Published in final edited form as: Cell Metab. 2013 Sep 3;18(3):309–311. doi: 10.1016/j.cmet.2013.08.016

Mrap2 Accessory Linked to Obesity

Tiemin Liu 1, Joel K Elmquist 1,2, Kevin W Williams 1,*
PMCID: PMC3930449  NIHMSID: NIHMS520403  PMID: 24011068

Abstract

Melanocortin receptors are critical modulators of energy balance and glucose homeostasis. Companion studies published in Science (Asai et al., 2013; Sebag et al., 2013) establish a role for melanocortin receptor accessory protein 2 (Mrap2) in regulating melanocortin receptor activity and in the development of obesity in zebrafish, rodents, and humans.

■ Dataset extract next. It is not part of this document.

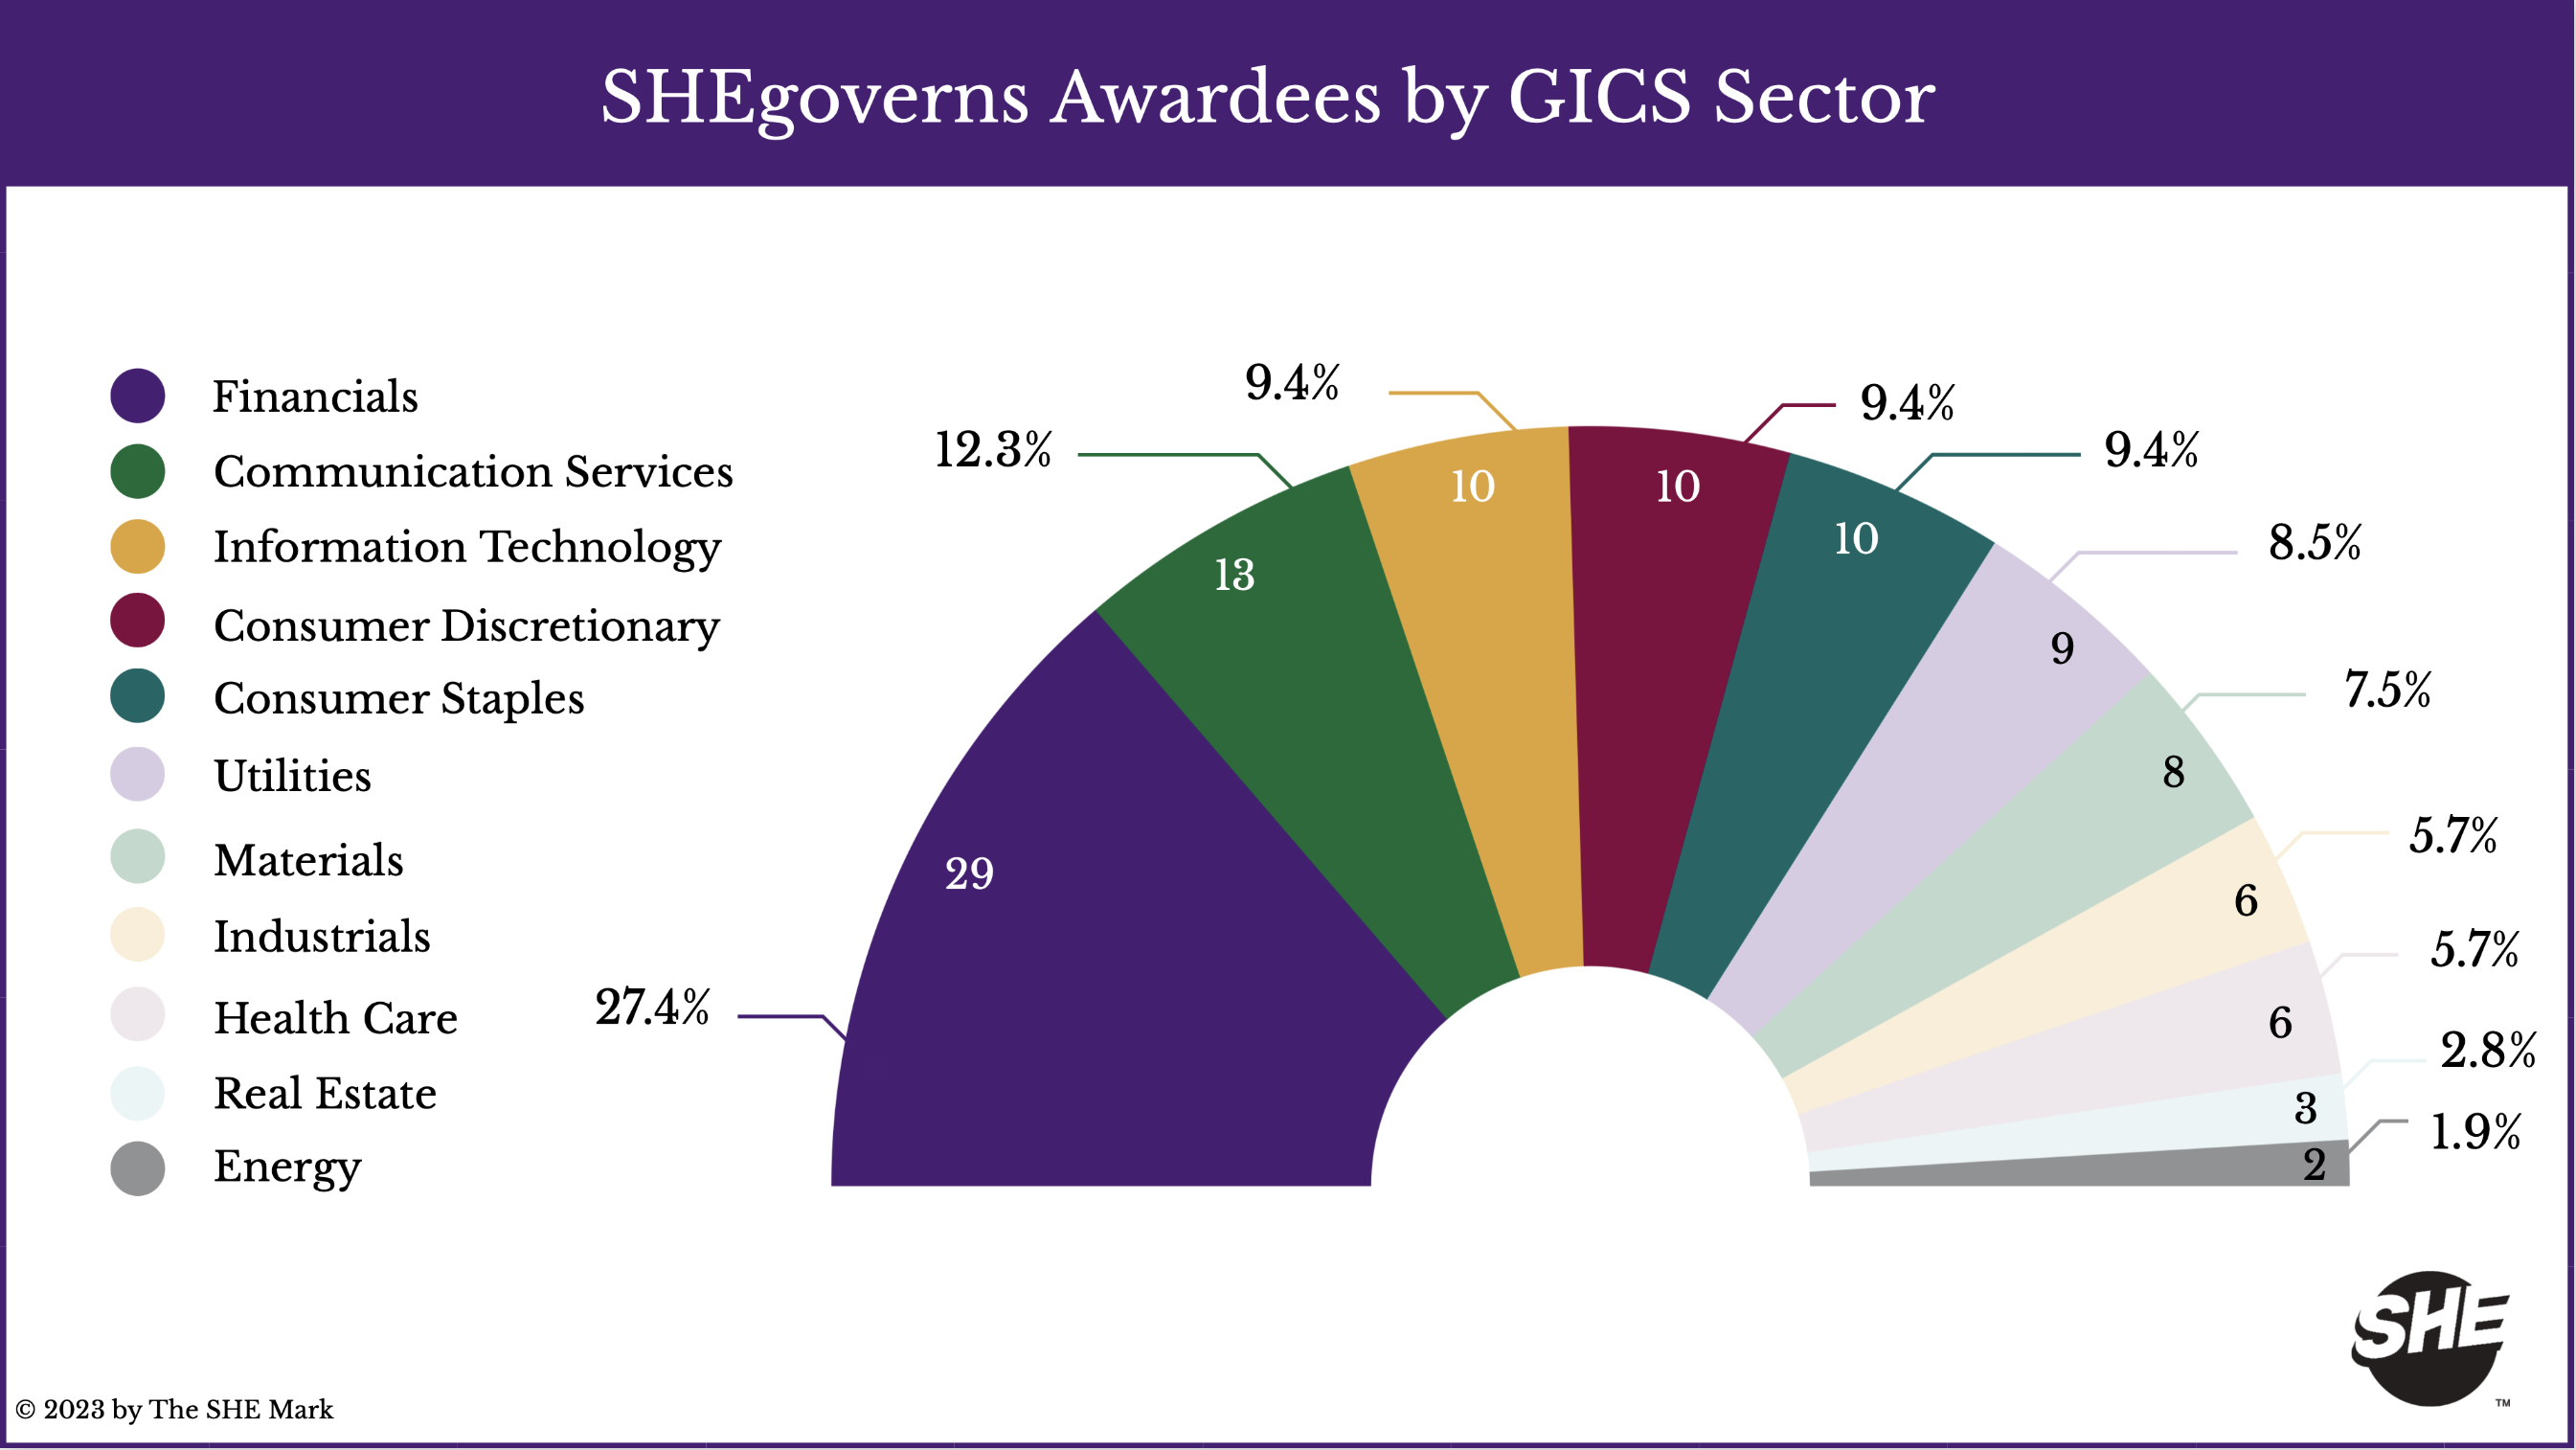 SHEgoverns Awardees by GICS Sector

The rates of obesity and diabetes are rising around the world. Although environmental conditions have been implicated in these diseases, accumulating evidence suggests genetics also contributes to early-onset and severe obesity. The melanocortin system provides one example (Balthasar et al., 2005; Cone, 2006; Greenfield et al., 2009; Sohn et al., 2013). It is comprised of ligands and a family of receptors (MC1–5 receptors) that directly link to a myriad of biophysiological systems regulating food intake, energy expenditure, body length, and glucose metabolism (Cone, 2006). Notably, disruptions of MC4 receptors in rodents result in severe obesity and diabetes (Cone, 2006). Moreover, mutations of MC4 receptors in humans lead to analogous deficits of metabolism and are the most common monogenic form of human obesity (Cone, 2006; Greenfield et al., 2009). Thus, understanding the molecular mechanisms responsible for regulating MC4 signaling may lead to better therapies targeting body weight and glucose homeostasis. Now companion articles (Asai et al., 2013; Sebag et al., 2013) in the journal Science add a new layer of complexity to the regulation of MC4 receptors. They report that melanocortin receptor accessory protein 2 (Mrap2) coordinates signaling by MC4 receptors, and demonstrate that Mrap2 is required for growth and development as well as metabolism across species including humans (Asai et al., 2013; Sebag et al., 2013).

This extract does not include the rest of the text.